The classical-to-quantum crossover in the strain-induced ferroelectric transition in SrTiO membranes.

作者信息

Li Jiarui, Lee Yonghun, Choi Yongseong, Kim Jong-Woo, Thompson Paul, Crust Kevin J, Xu Ruijuan, Hwang Harold Y, Ryan Philip J, Lee Wei-Sheng

机构信息

Stanford Institute for Materials and Energy Sciences, SLAC National Accelerator Laboratory, Menlo Park, CA, USA.

Department of Applied Physics, Stanford University, Stanford, CA, USA.

出版信息

Nat Commun. 2025 May 13;16(1):4445. doi: 10.1038/s41467-025-59517-4.

DOI:10.1038/s41467-025-59517-4
PMID:40360489
原文链接:https://pmc.ncbi.nlm.nih.gov/articles/PMC12075646/
Abstract

Mechanical strain presents an effective control over symmetry-breaking phase transitions.

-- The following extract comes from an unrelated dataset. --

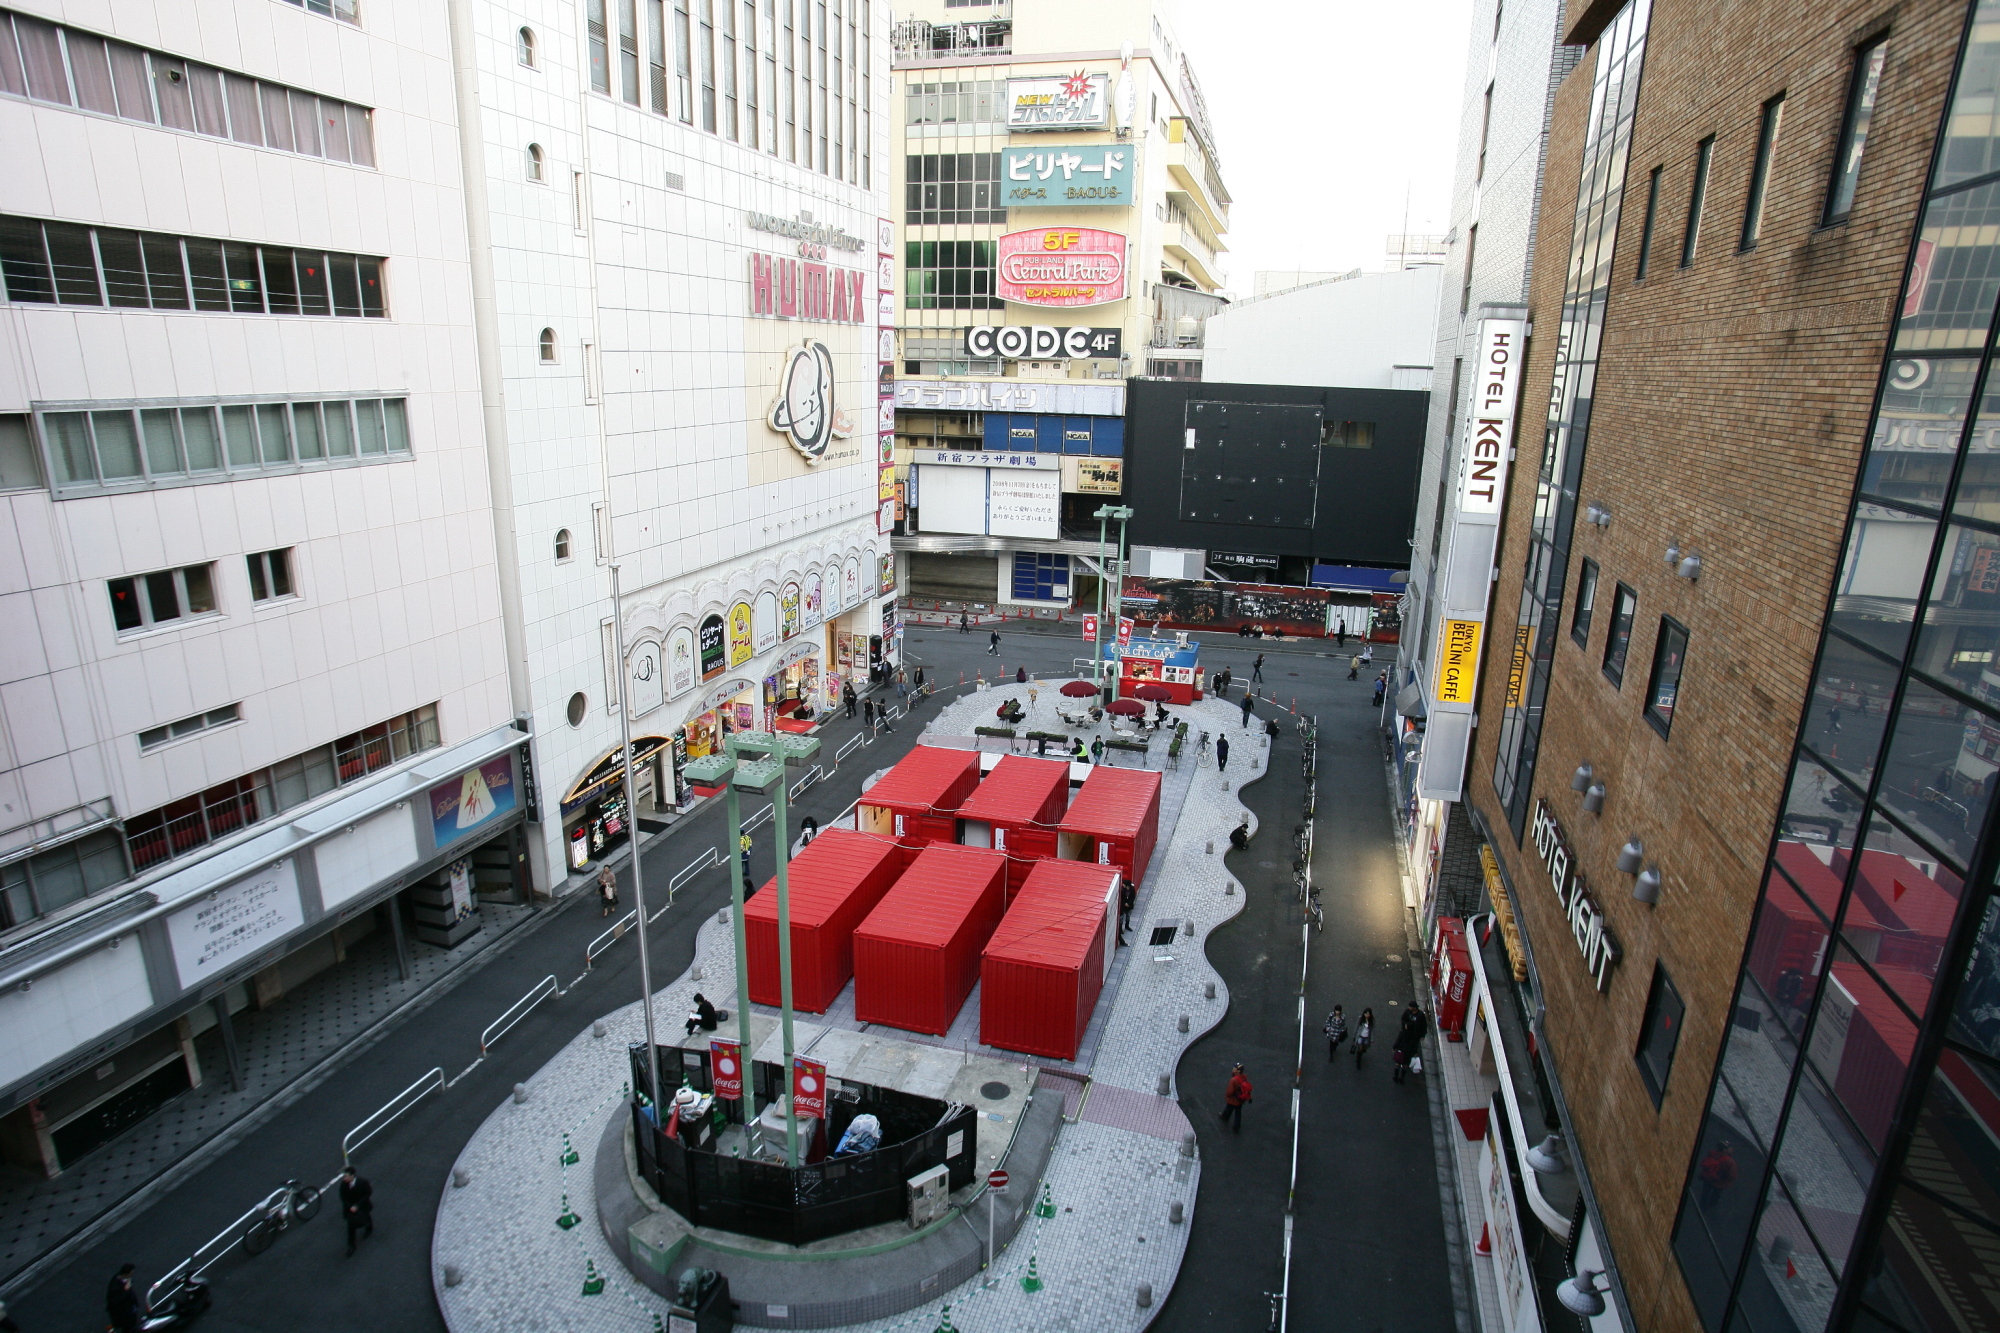 歌舞伎町アートサイト The Challenge of Public Media Art パブリックメディアアートの挑戦
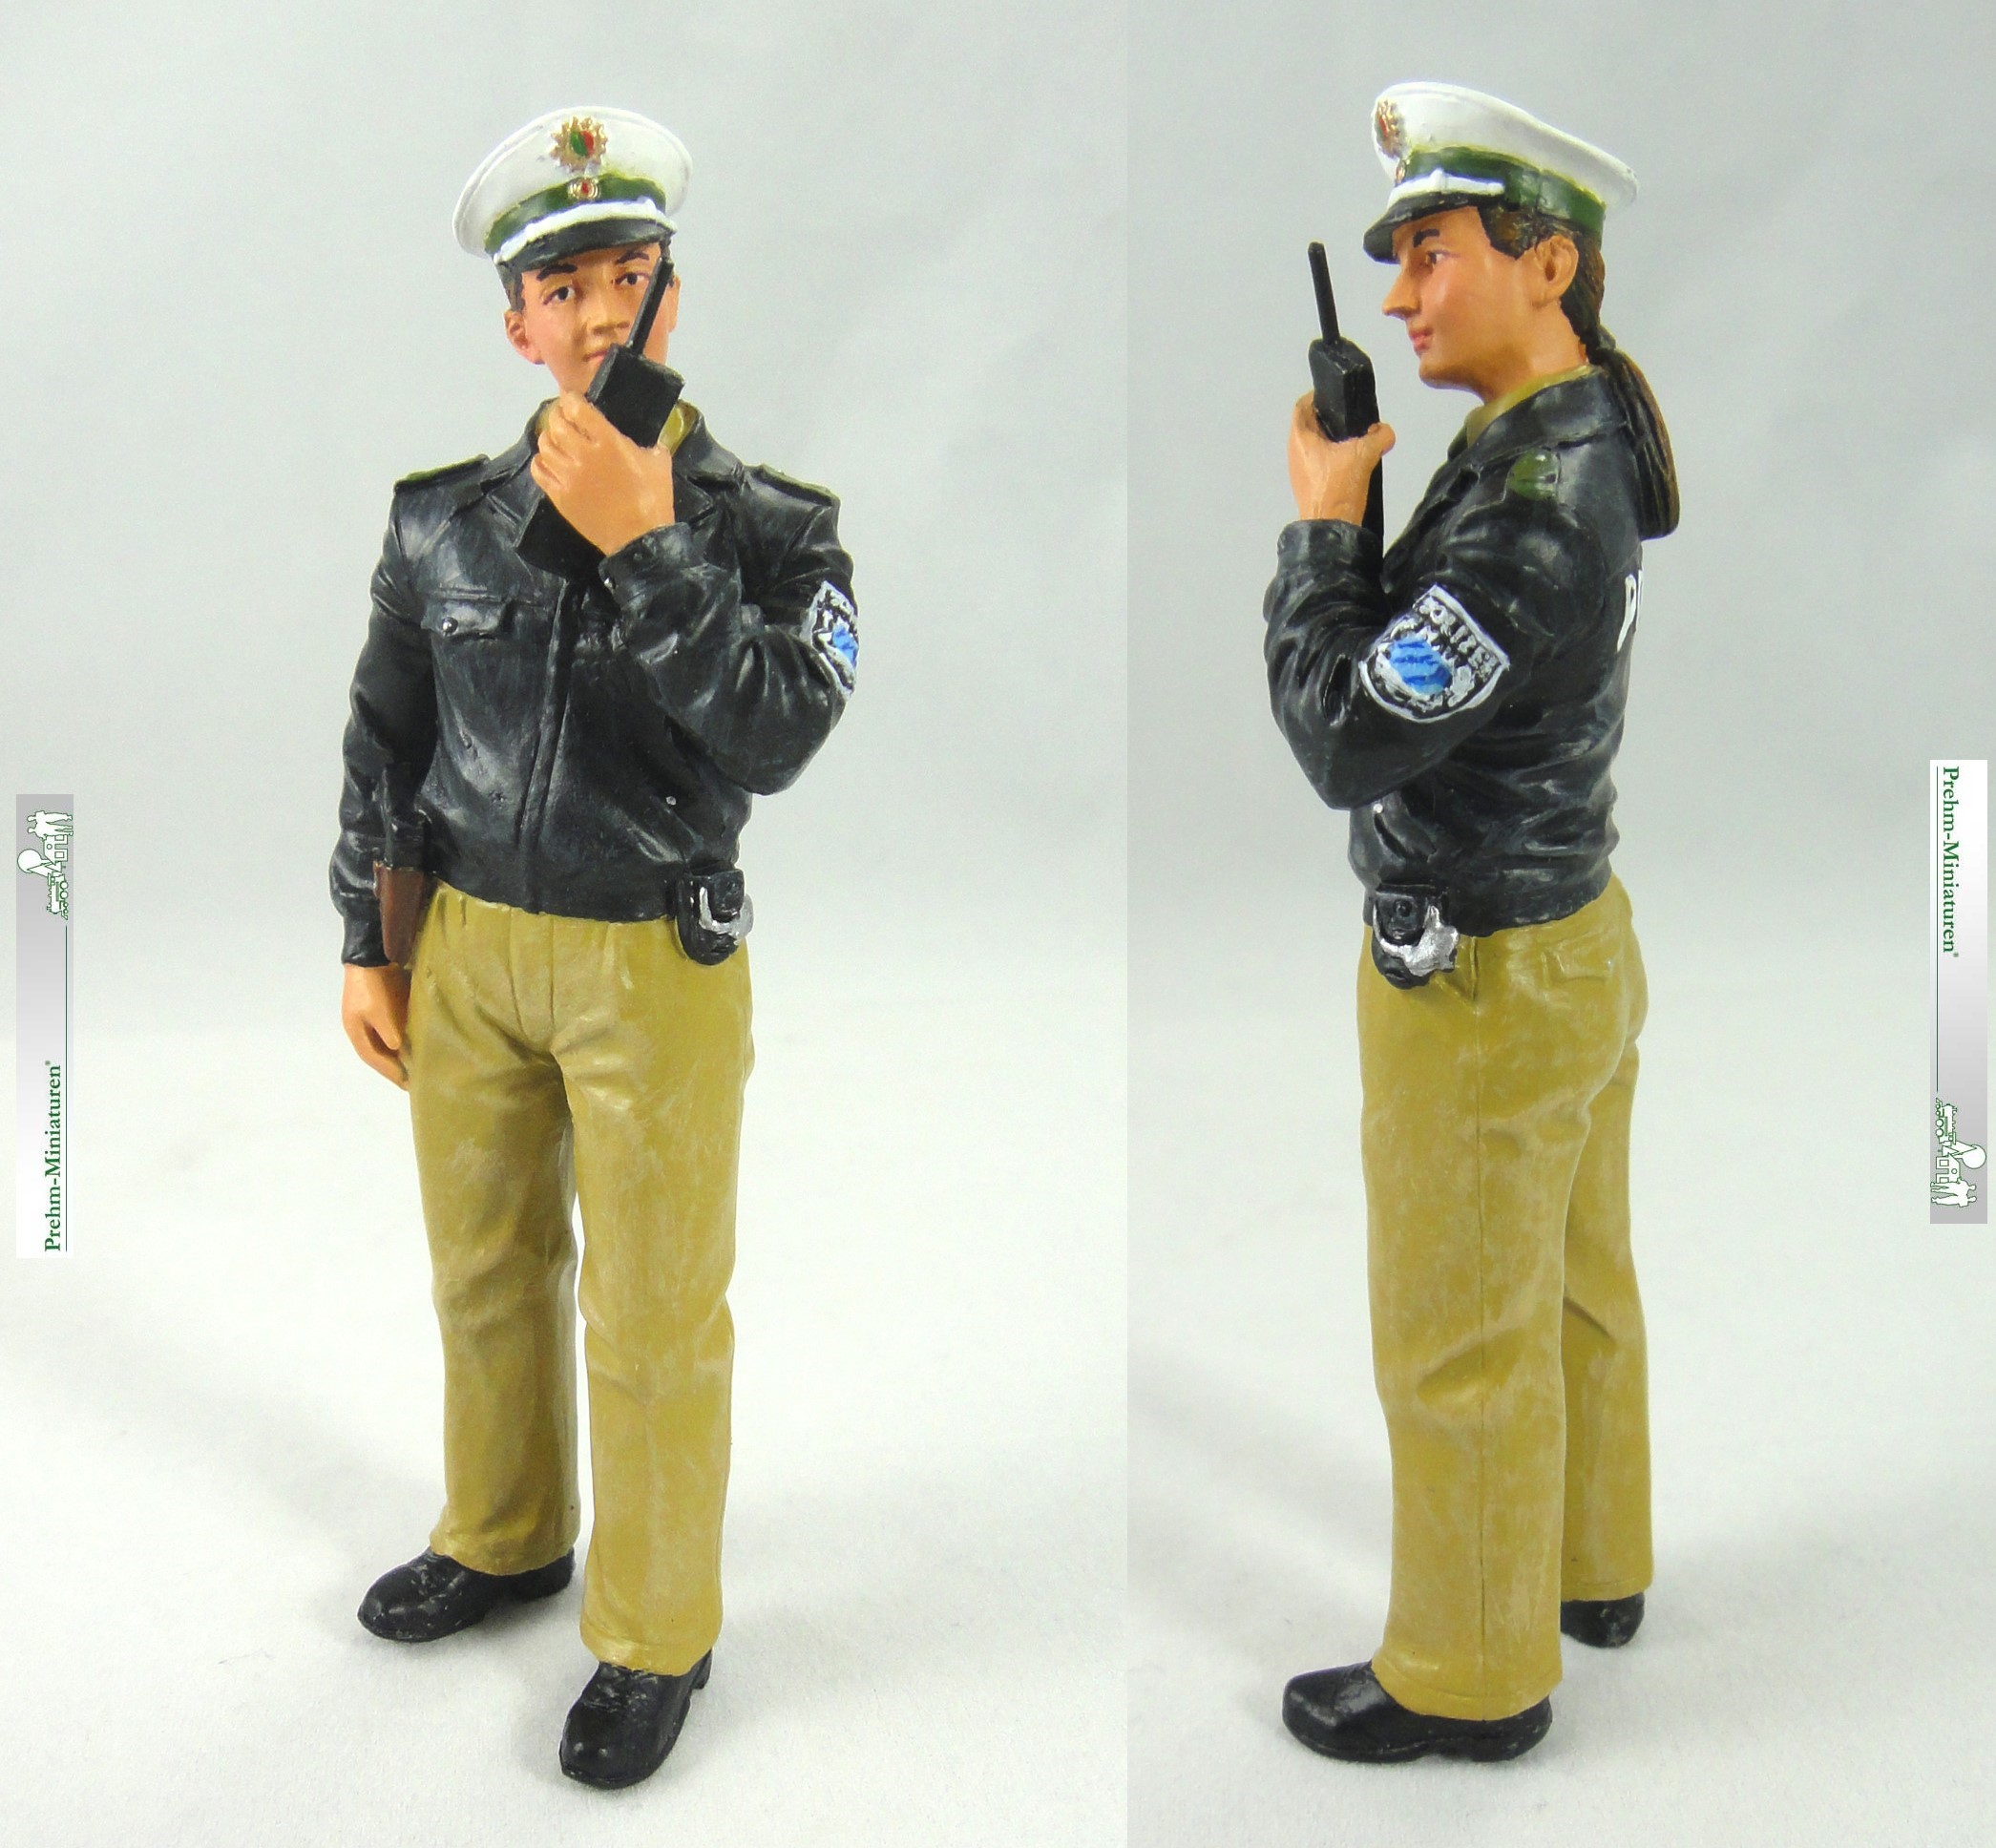 Polizistin, grne Uniform mit Funkgert - Metallfigbur - handbemalt

In quantum paraelectric SrTiO, strain can induce ferroelectric order via modification of the local Ti potential energy landscape. However, brittle bulk materials can only withstand limited strain range (~0.1%). Taking advantage of nanoscopically-thin freestanding membranes, we demonstrate an in-situ strain-induced reversible ferroelectric transition in freestanding SrTiO membranes. We measure the ferroelectric order by detecting the local anisotropy of the Ti 3d orbital signature using X-ray linear dichroism at the Ti-K pre-edge, while the strain is determined by X-ray diffraction. With reduced thickness, the SrTiO membranes remain elastic with >1% tensile strain cycles. A robust displacive ferroelectricity appears beyond a temperature-dependent critical strain. Interestingly, we discover a crossover from a classical ferroelectric transition to a quantum regime at low temperatures, which enhances strain-induced ferroelectricity. Our results offer new opportunities to strain engineer functional properties in low dimensional quantum materials and provide new insights into the role of ferroelectric fluctuations in quantum paraelectric SrTiO.

摘要

机械应变对对称性破缺的相变具有有效的控制作用。在量子顺电体SrTiO₃中,应变可通过改变局部Ti势能态势诱导铁电有序。然而,脆性块状材料只能承受有限的应变范围(约0.1%)。利用纳米尺度的独立薄膜,我们展示了在独立的SrTiO₃薄膜中由应变原位诱导的可逆铁电转变。我们通过在Ti-K吸收边前使用X射线线性二色性检测Ti 3d轨道特征的局部各向异性来测量铁电有序,而应变则通过X射线衍射确定。随着厚度减小,SrTiO₃薄膜在拉伸应变循环大于1%时仍保持弹性。在一个与温度相关的临界应变之上会出现稳健的位移型铁电性。有趣的是,我们发现在低温下从经典铁电转变到量子 regime 的交叉,这增强了应变诱导的铁电性。我们的结果为在低维量子材料中通过应变工程调控功能特性提供了新机会,并为量子顺电体SrTiO₃中铁电涨落的作用提供了新见解。 (注:原文中“quantum regime”这里“regime”不太明确准确意思,暂保留英文)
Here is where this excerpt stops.